DATASET RECORDS.
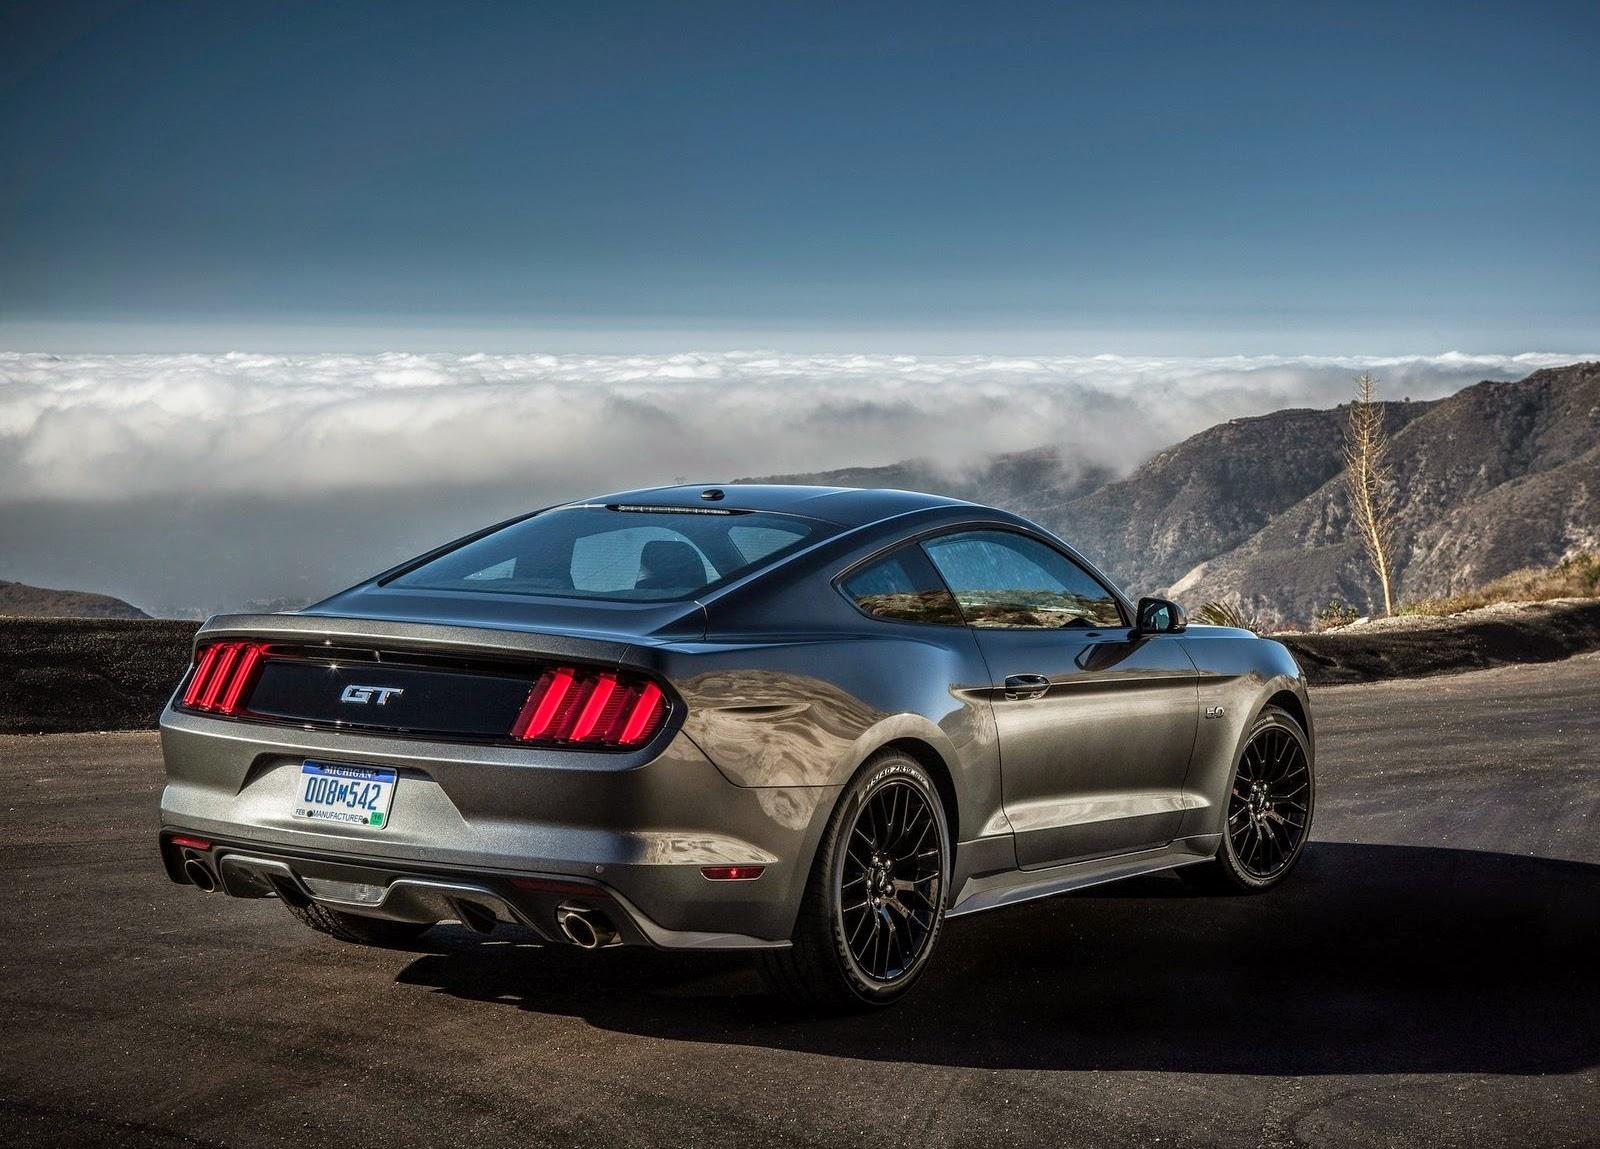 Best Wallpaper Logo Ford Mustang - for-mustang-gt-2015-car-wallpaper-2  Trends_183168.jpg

...

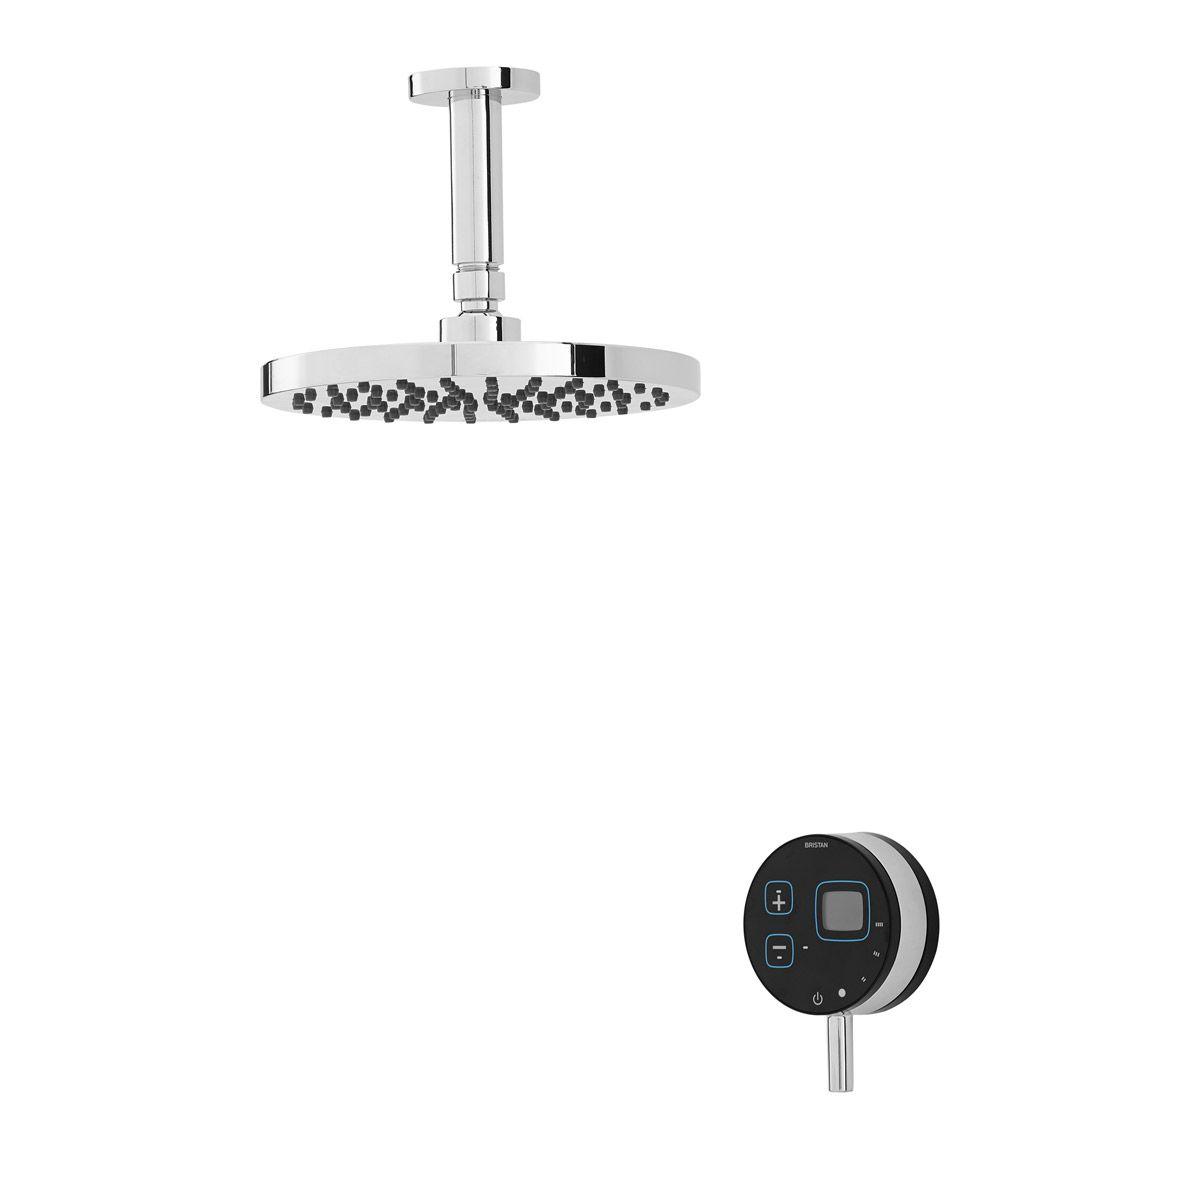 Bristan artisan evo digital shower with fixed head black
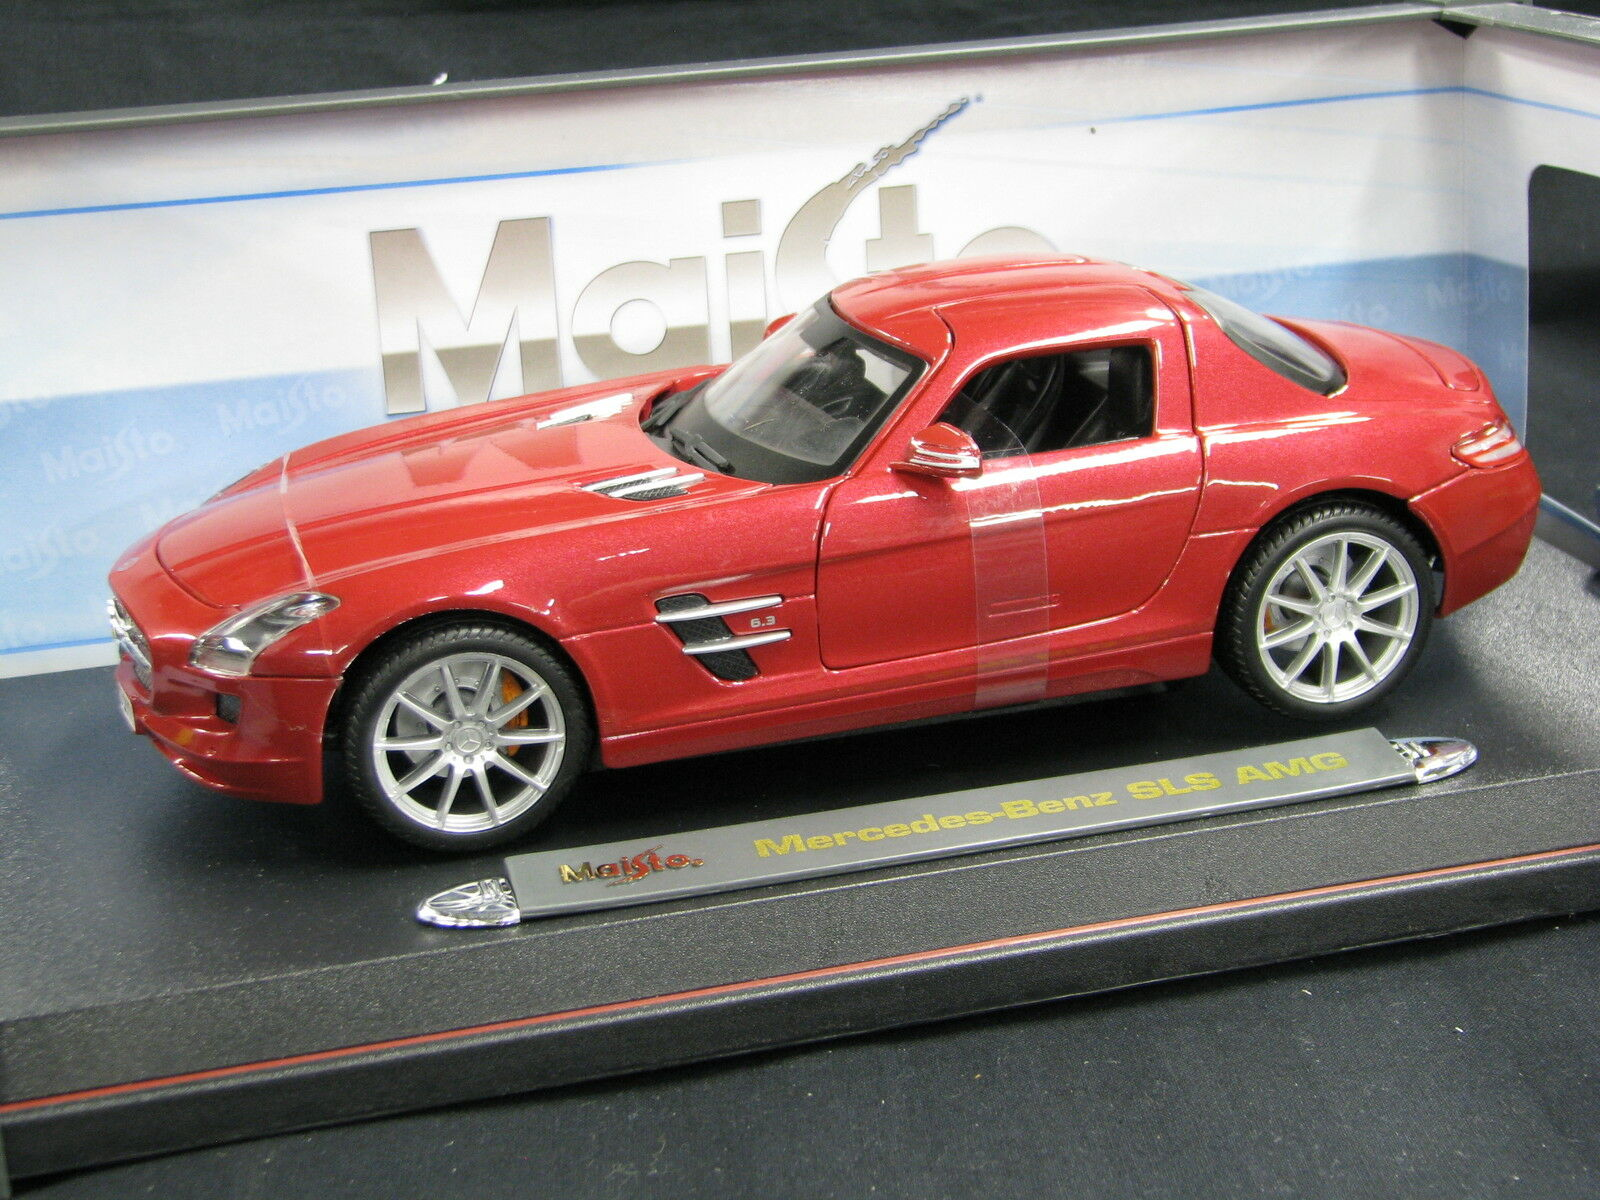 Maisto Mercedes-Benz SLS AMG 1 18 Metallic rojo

---

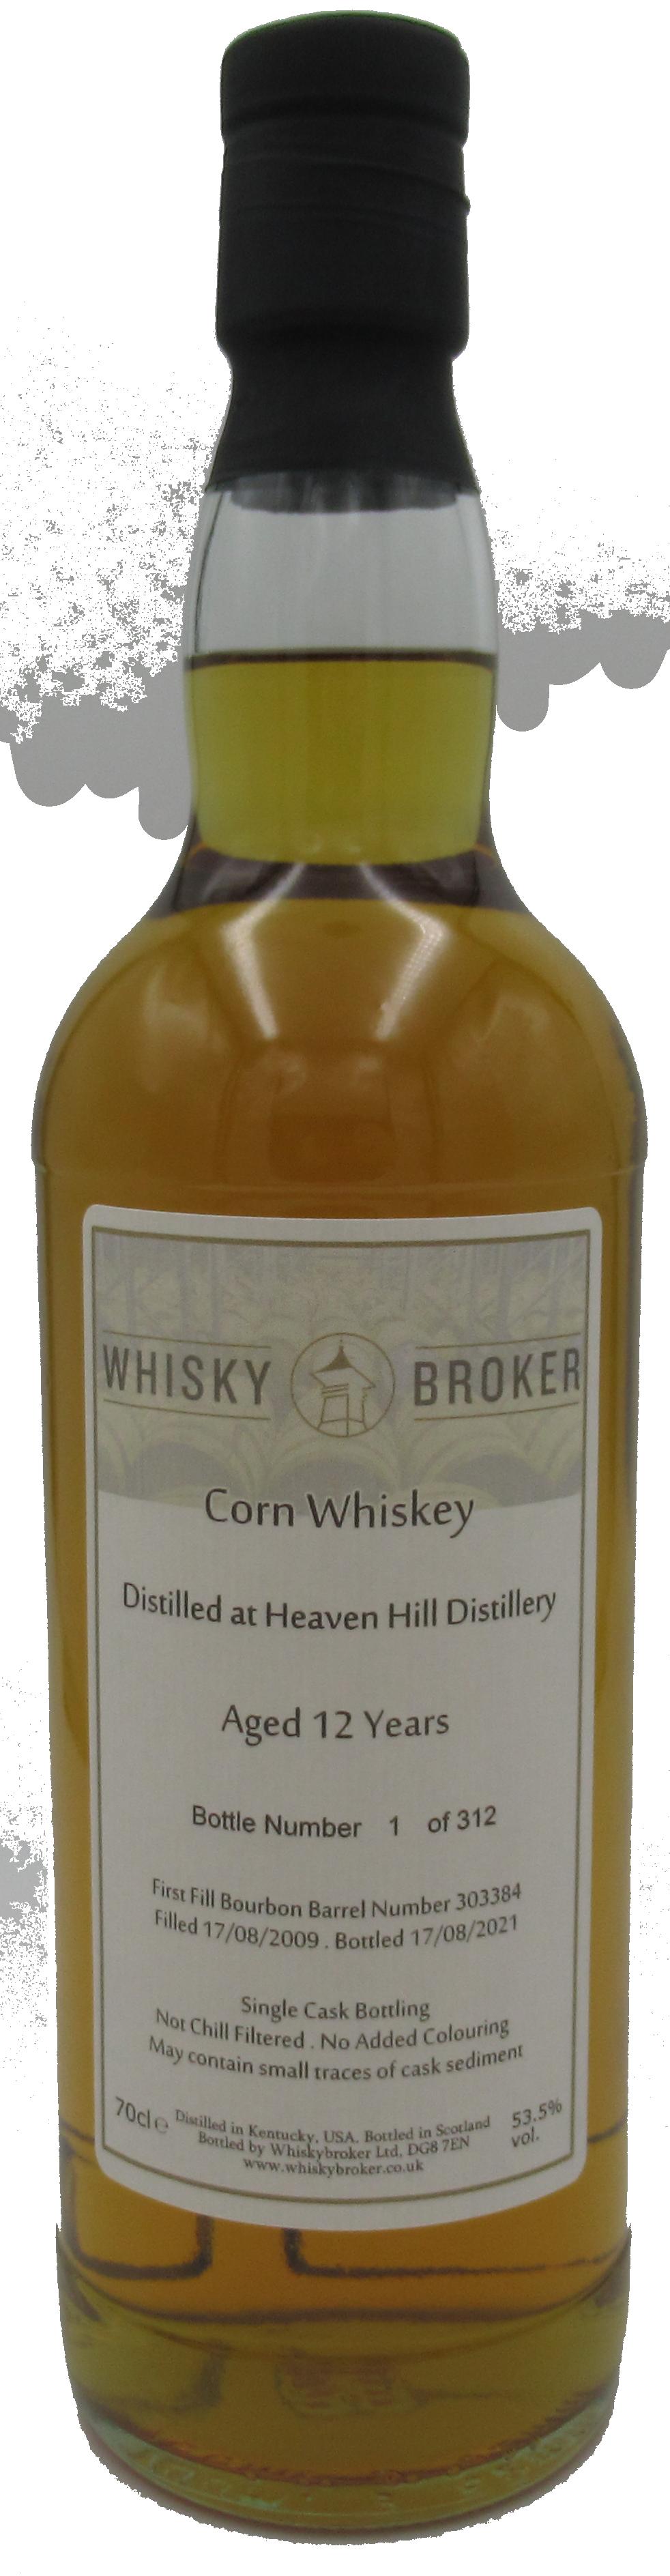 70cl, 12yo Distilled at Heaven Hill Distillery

WHAT IS NEEDED.
Above are the records. Copy only the lines from the one with "Bristan artisan evo" through the one with "Maisto Mercedes-Benz SLS", exactly, with no pictures.

SOLVED PROBLEM.
 Bristan artisan evo digital shower with fixed head black
 Maisto Mercedes-Benz SLS AMG 1 18 Metallic rojo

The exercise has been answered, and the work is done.